**Exercise directions**
Scan the records below for the line containing "grain-free apple pie" and the line containing "Captain Marvel's 90s landing page". Copy both, plus every line between, exactly.

[Records provided — start]

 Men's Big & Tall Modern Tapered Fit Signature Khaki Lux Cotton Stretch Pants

[Records provided — finish]
[Records provided — start]

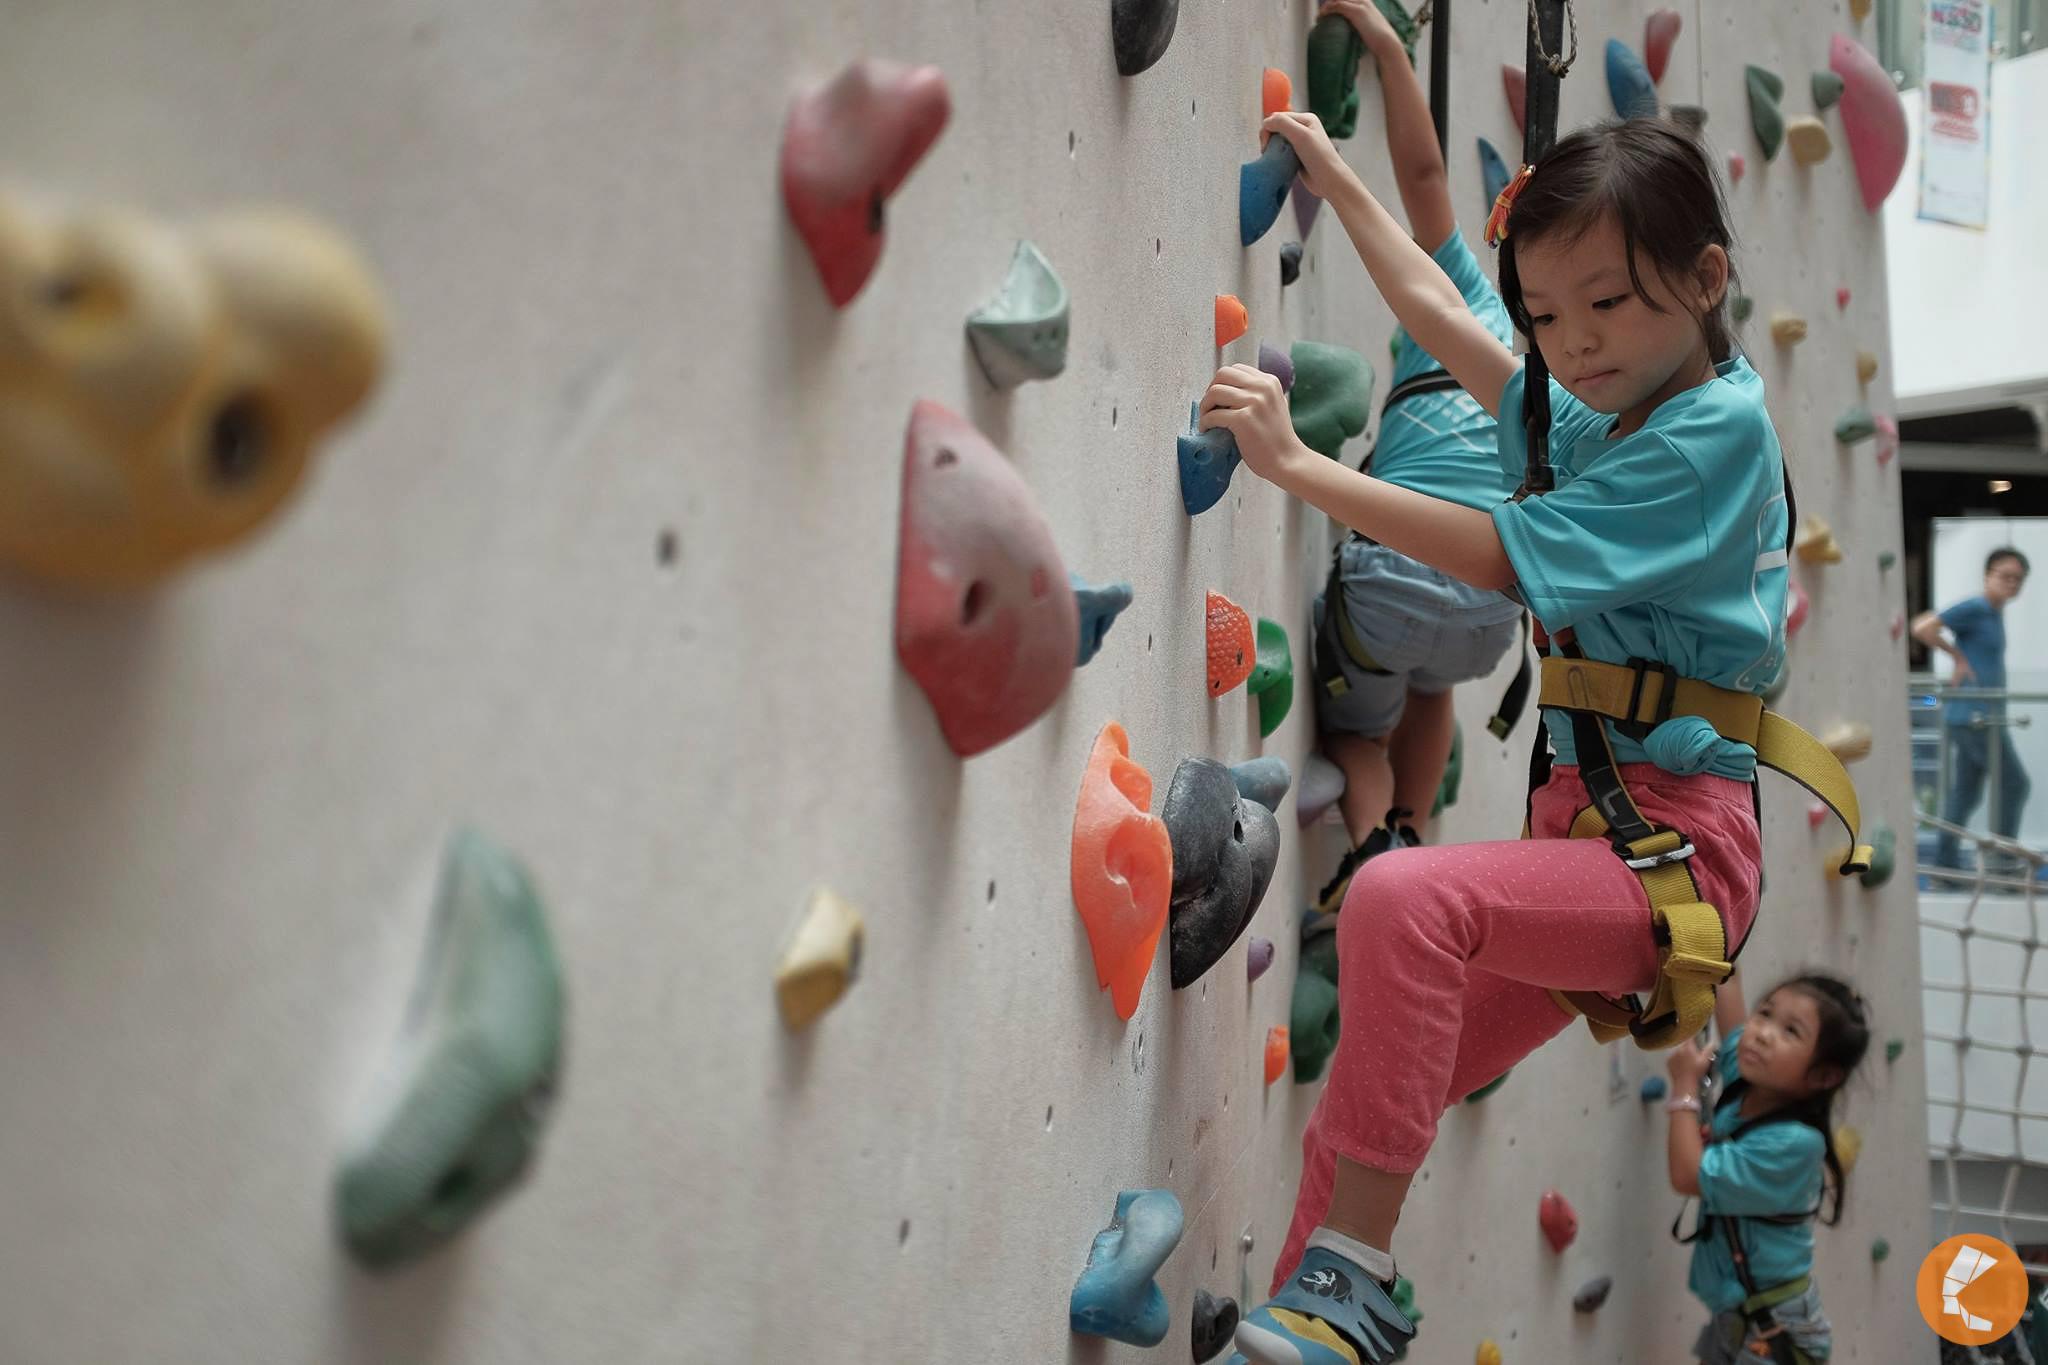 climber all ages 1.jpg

[Records provided — finish]
[Records provided — start]

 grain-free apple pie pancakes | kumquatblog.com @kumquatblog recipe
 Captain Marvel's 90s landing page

[Records provided — finish]

**The answer**
 grain-free apple pie pancakes | kumquatblog.com @kumquatblog recipe
 Captain Marvel's 90s landing page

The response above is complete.